In conducting a hazard analysis for the collision avoidance scenario with remotely controlled ships, the interaction between the IBS and AEMC systems served as an example, and seven UCAs were identified (as shown in

Table 4. UCAs of IBS as controller.

Control Action	Not Providing Causes Hazard	Providing Causes Hazard	Too Early, Too Late, Out of Order Causes Hazard	Applied Too Long, Stopped Too Soon, Causes Hazard
Course and speed control	UCA-1: Course and speed control are not provided when the ownship is a give-way ship only if the risk of collision exists. UCA-2: Course and speed control are not provided when there is a close-quarters situation or immediate danger between ownship and the other ship.	UCA-3: Course and speed control are provided when the ownship is a stand-on ship only if the risk of collision exists.	UCA-4: Course and speed control are provided too late when the ownship is a give-way ship only if the risk of collision exists.
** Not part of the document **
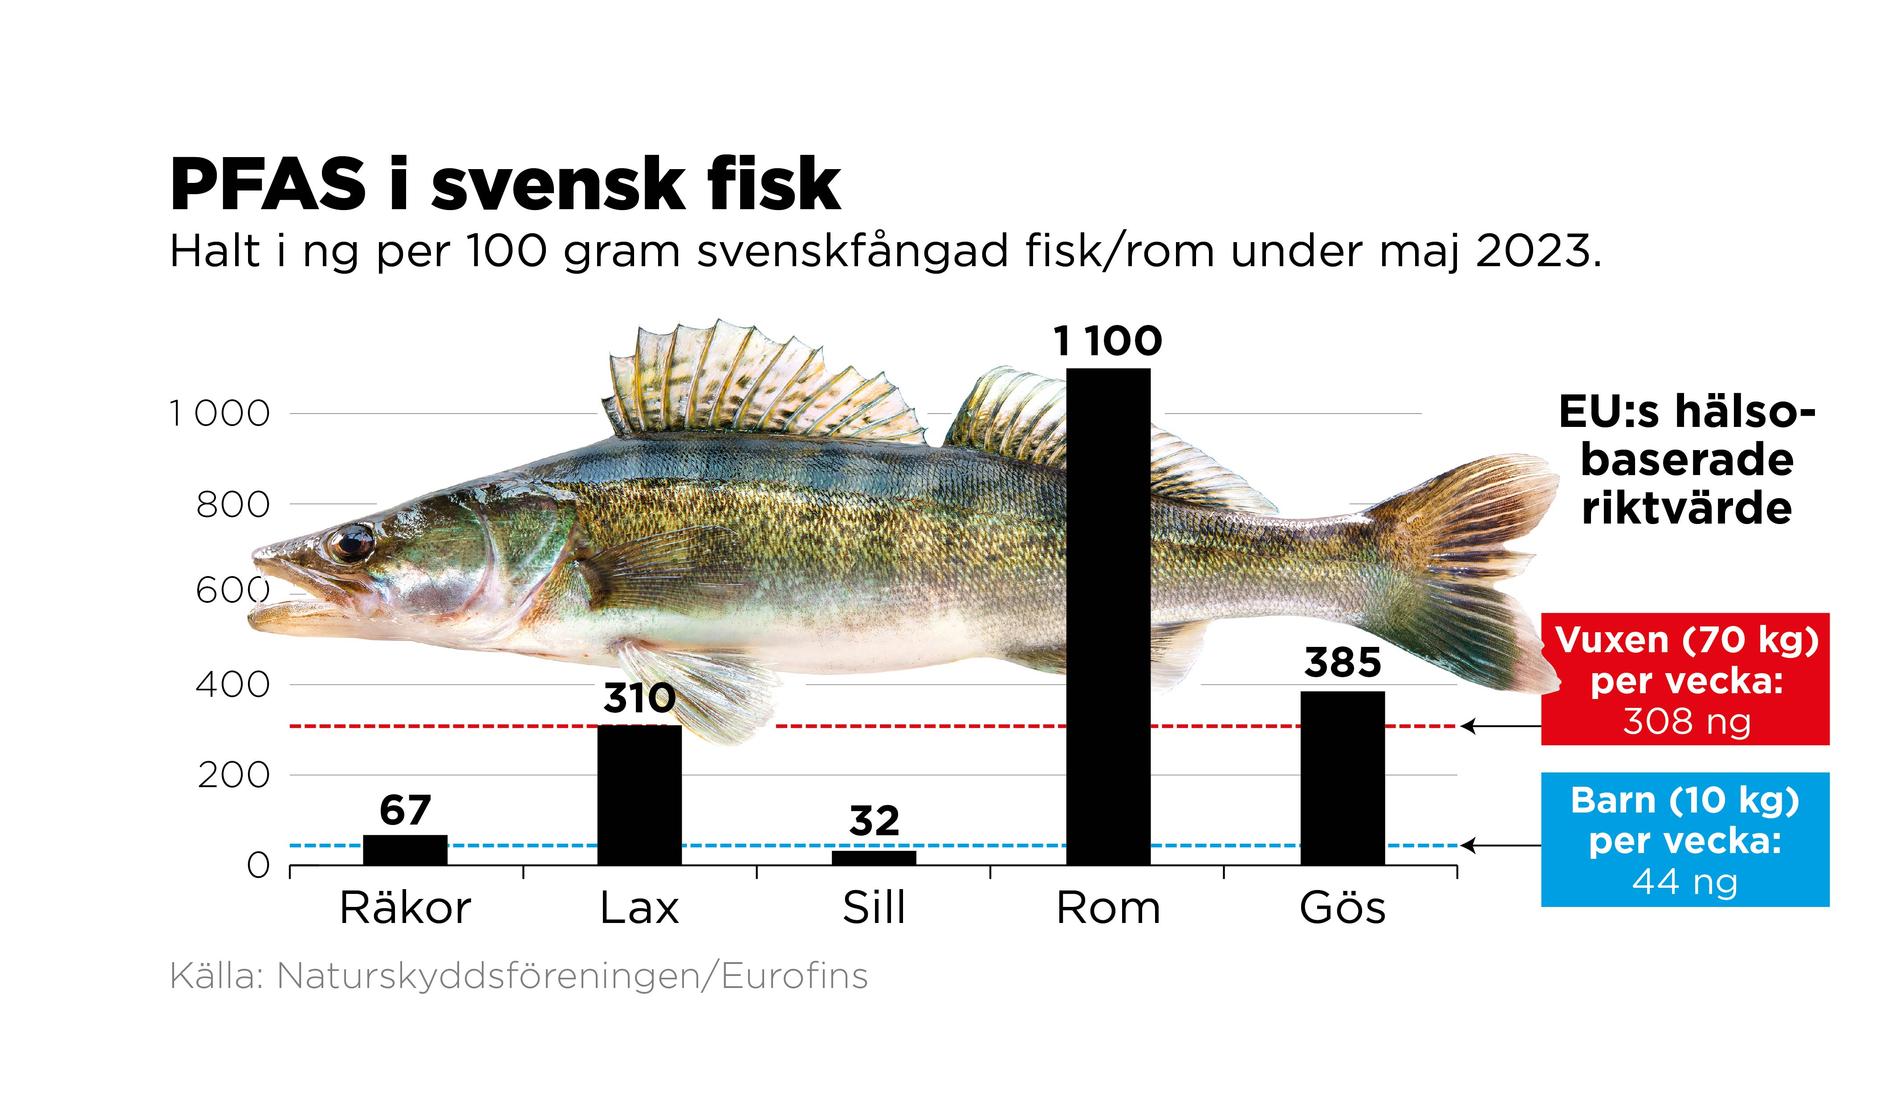 Halt i ng per 100 gram svenskfångad fisk/rom under maj 2023.
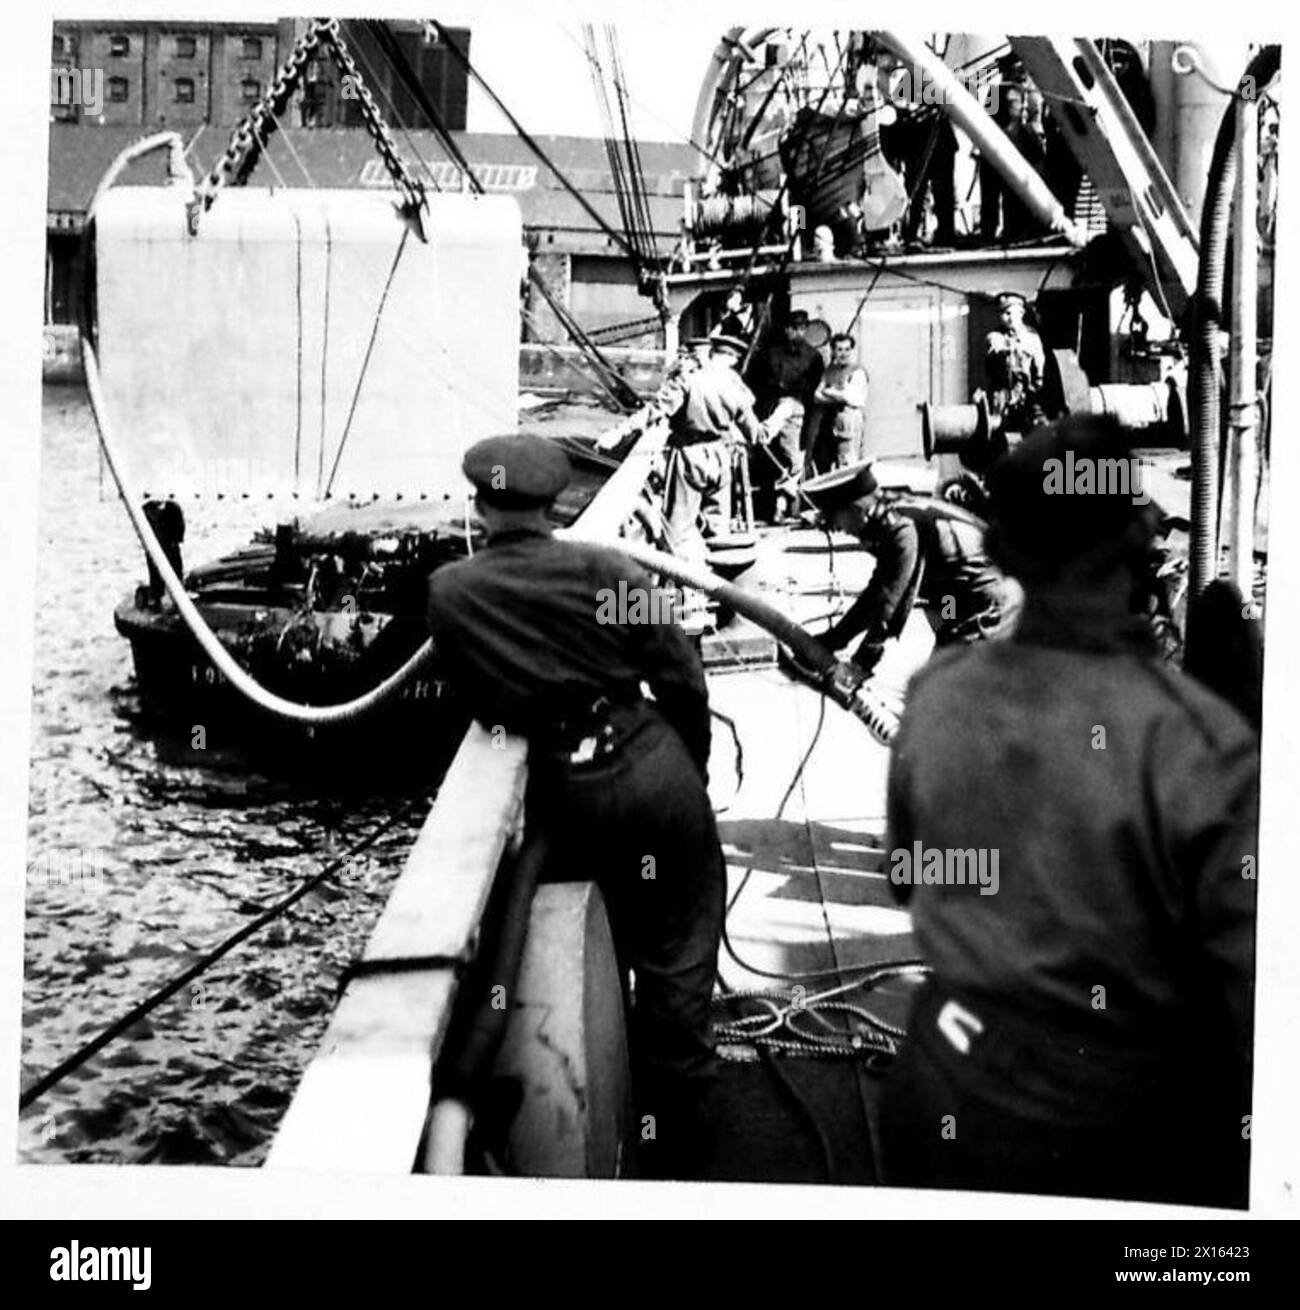 REPARATURSCHIFF MIT KÖNIGLICHEN INGENIEUREN - die Tauchglocke wird von Männern der Royal Engineers British Army über die Schiffsseite gesenkt Stockfoto

UCA-5: Course and speed control are provided too late when there is a close-quarters situation or immediate danger between ownship and other ship.	UCA-6: Course and speed control are stopped too soon when the ownship is a give-way ship only if the risk of collision exists. UCA-7: Course and speed control are stopped too soon when there is a close-quarters situation or immediate danger between ownship and other ship.

). In this control loop, the IBS acted as the controller, and the AEMC system acted as the controlled entity, with control actions being course and speed control. The identified UCAs are mapped to the BNF statements, with the resulting property specifications displayed in

Table 5. BNF statements of system safety.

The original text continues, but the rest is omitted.